WHAT THE TASK ASKS =>
All lines from the one containing "Un point de" through the final line of the records below should be reproduced exactly, with the pictures left out.

Records excerpted from a collection =>
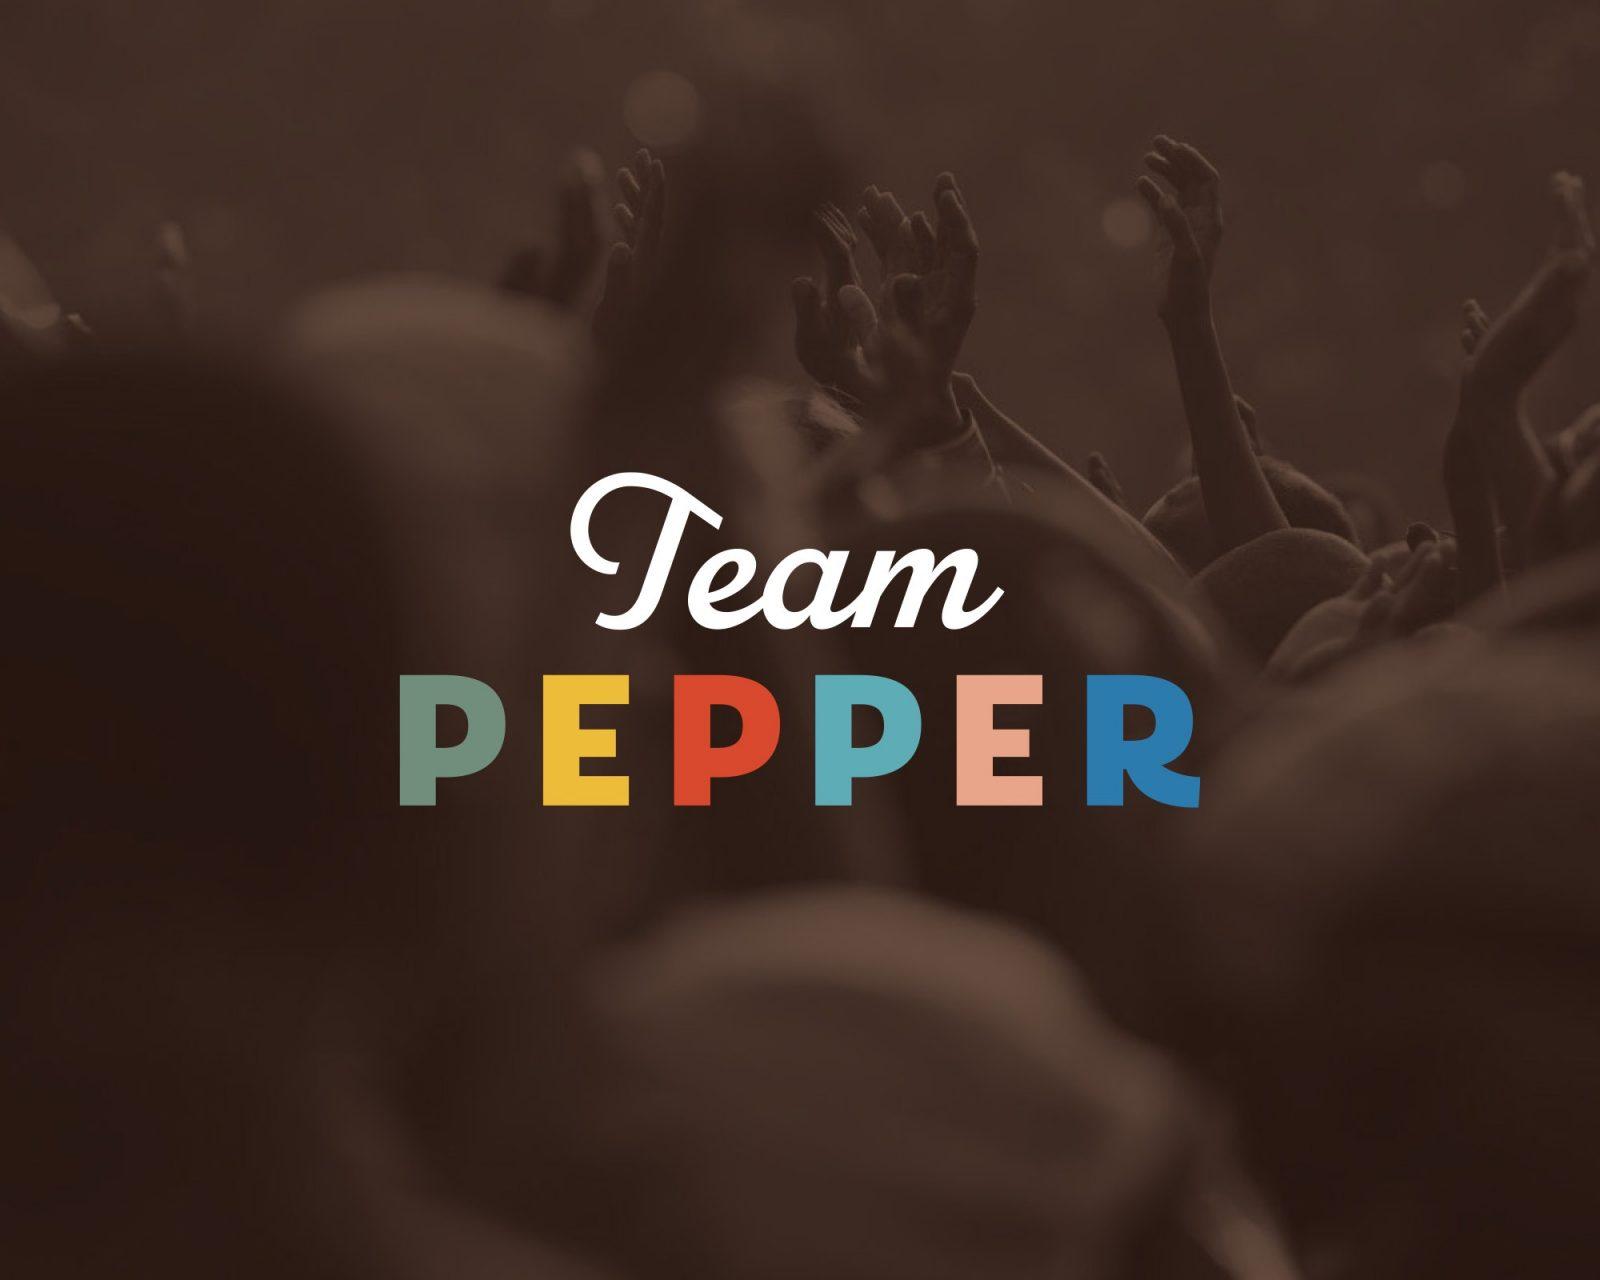 Team Pepper Brand Design by Letterlust Studio
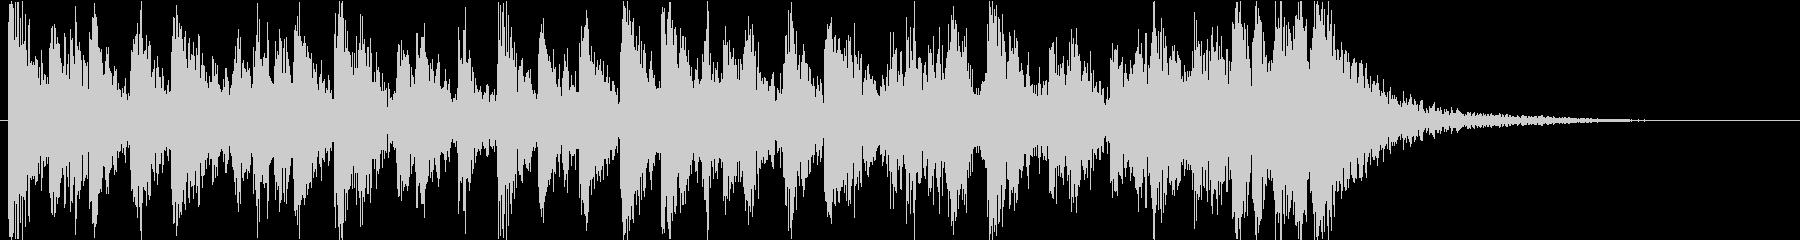 激しく躍動感たっぷりな太鼓です 12sの未再生の波形
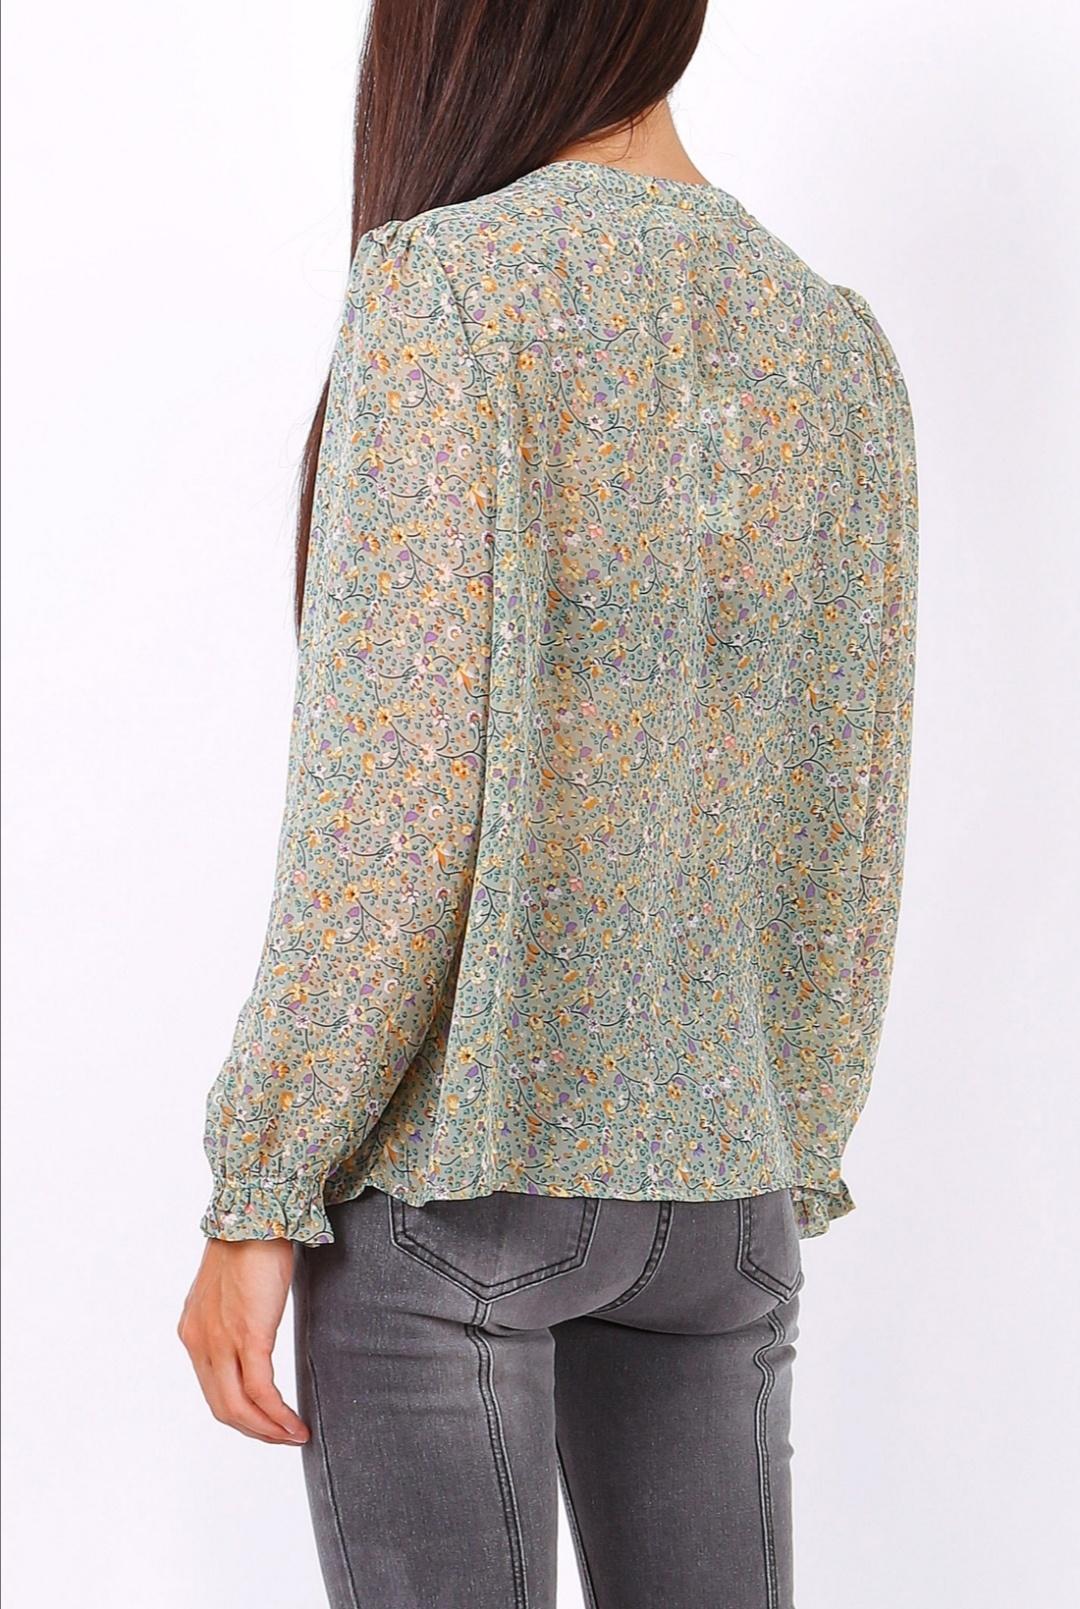 PEPITES blouse ludovique-2
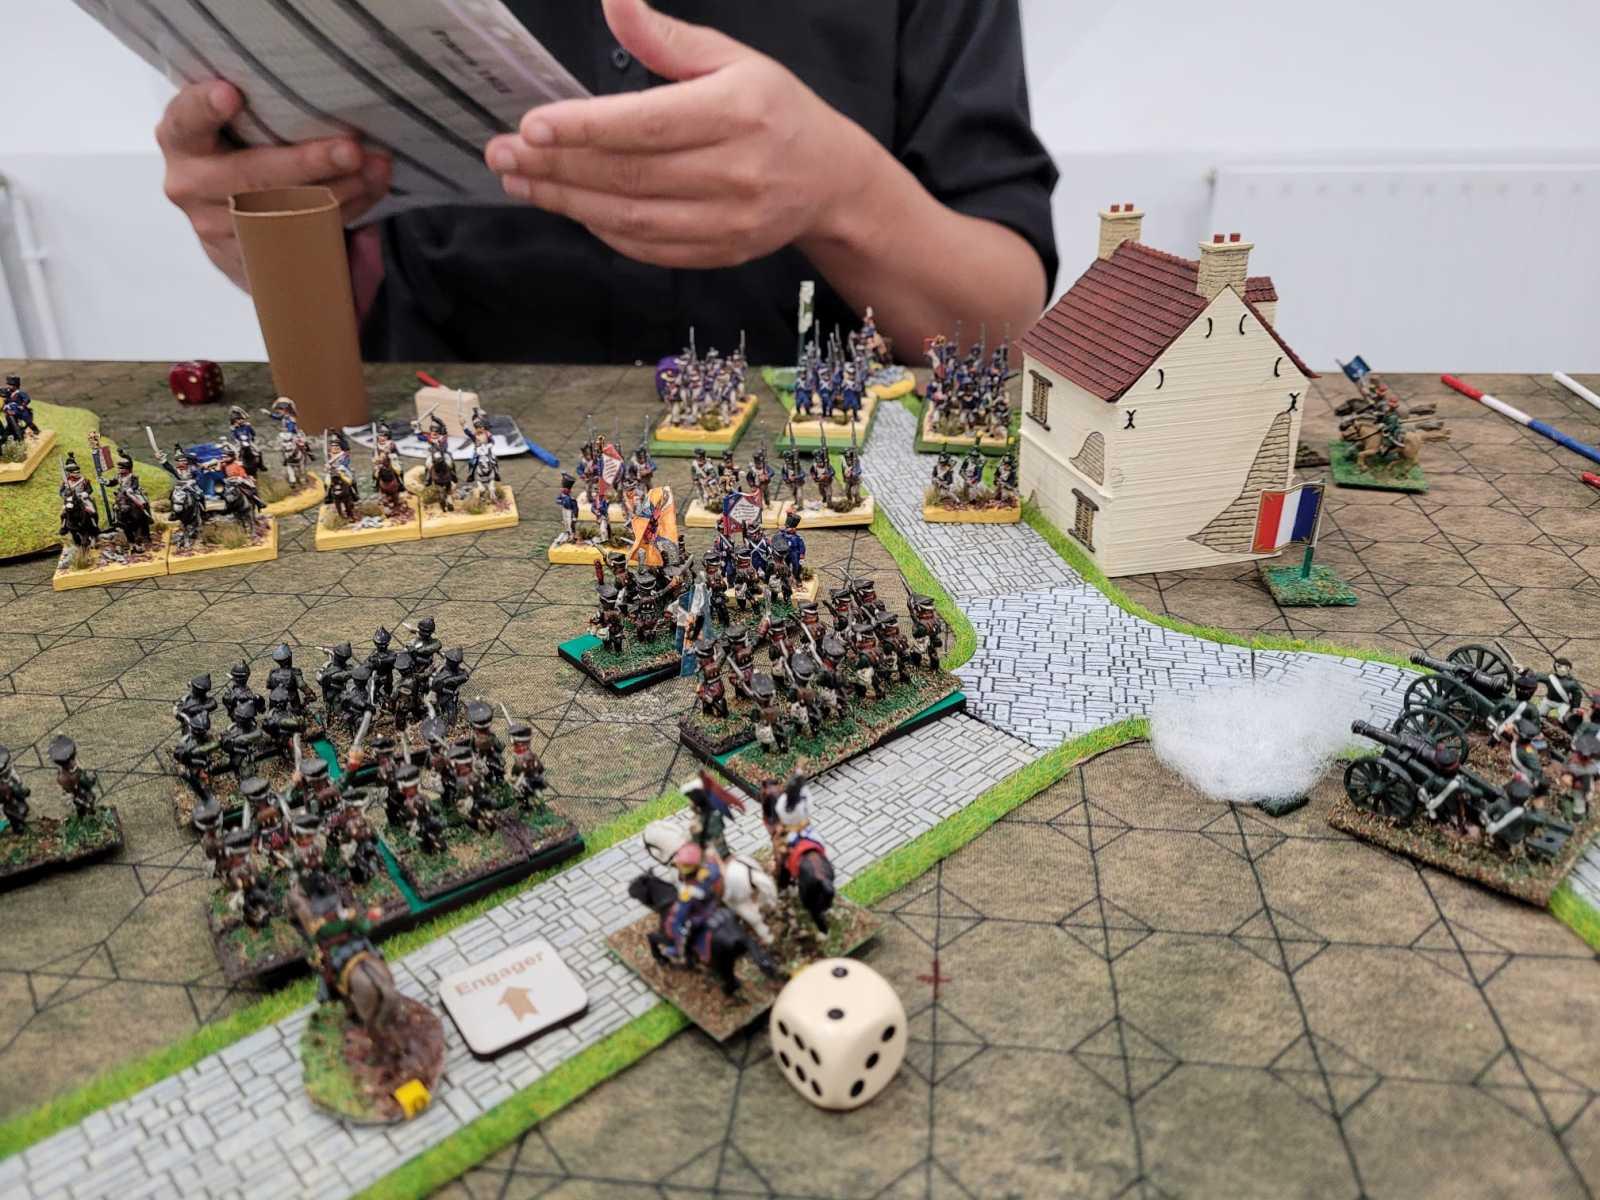 Un point de règle à éclaircir avant de compter les morts sur un champ de bataille très dense...
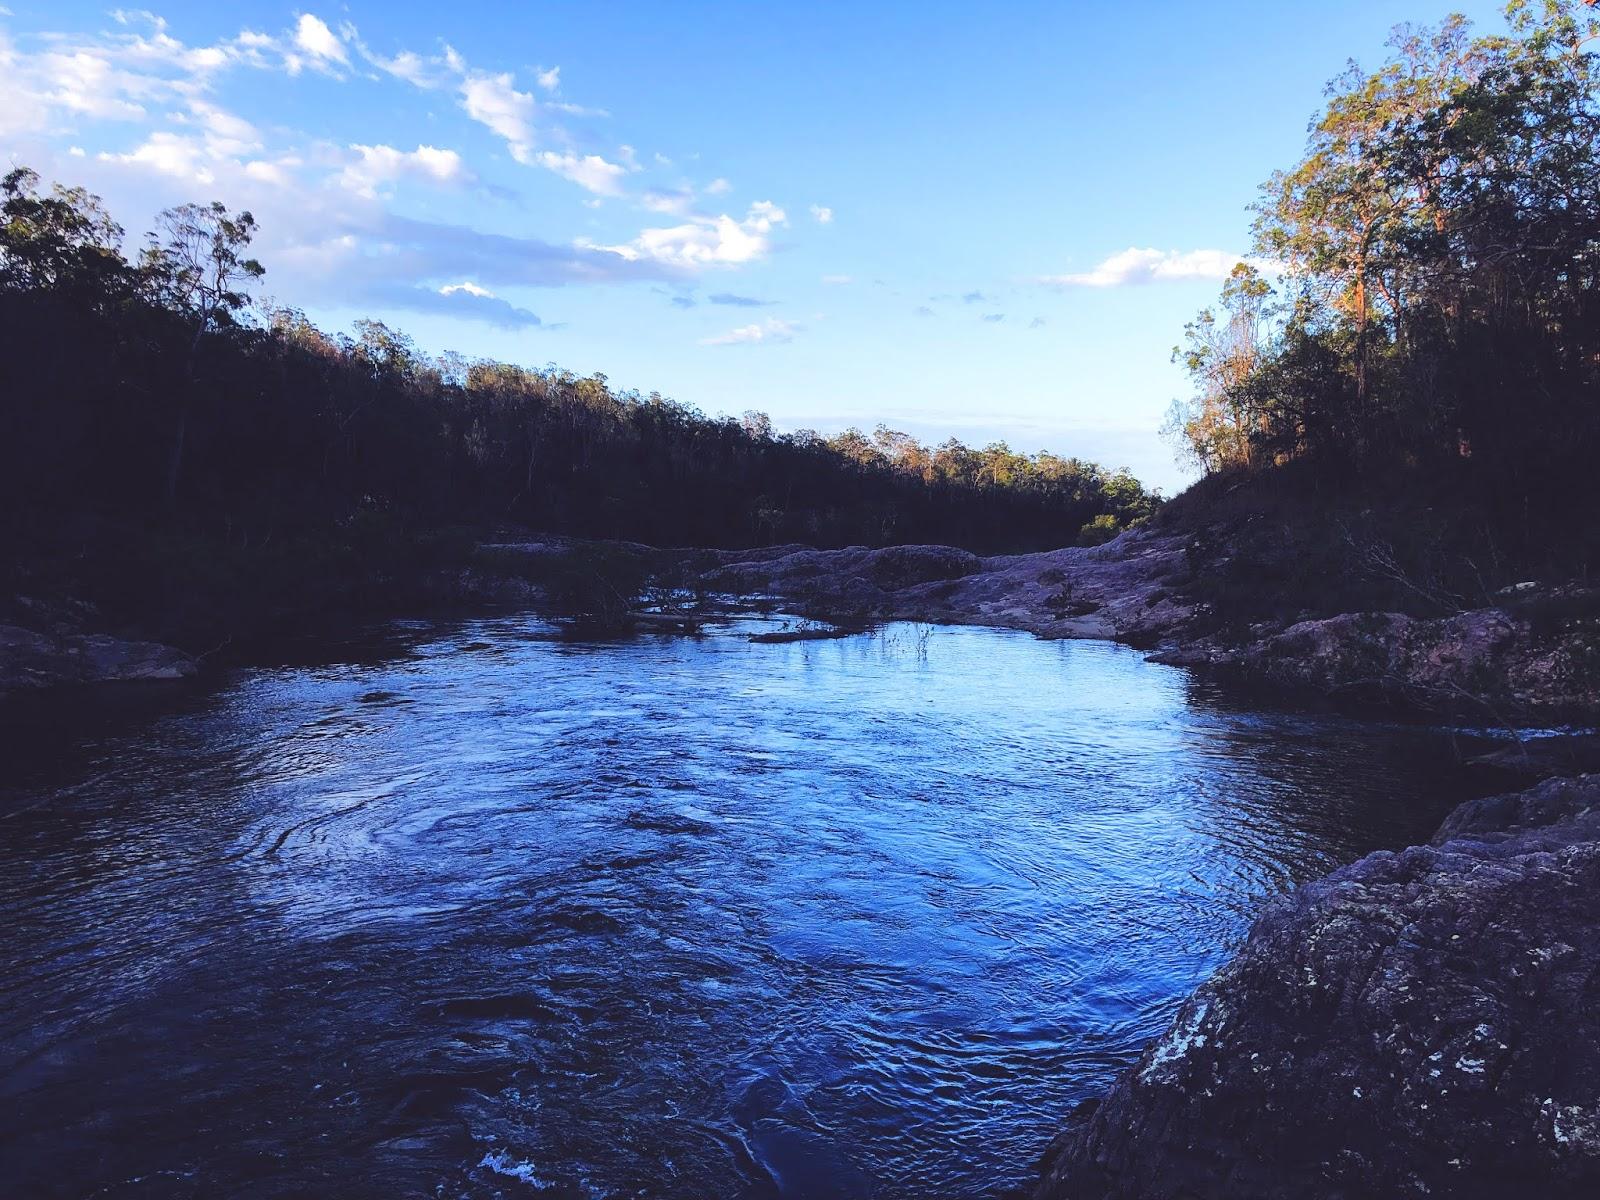 Rzeka w Australii niedaleko parku parku narodowego Girringun oraz wodospadu Wallaman Falls

WRITTEN RESPONSE =>
 Un point de règle à éclaircir avant de compter les morts sur un champ de bataille très dense...
 Rzeka w Australii niedaleko parku parku narodowego Girringun oraz wodospadu Wallaman Falls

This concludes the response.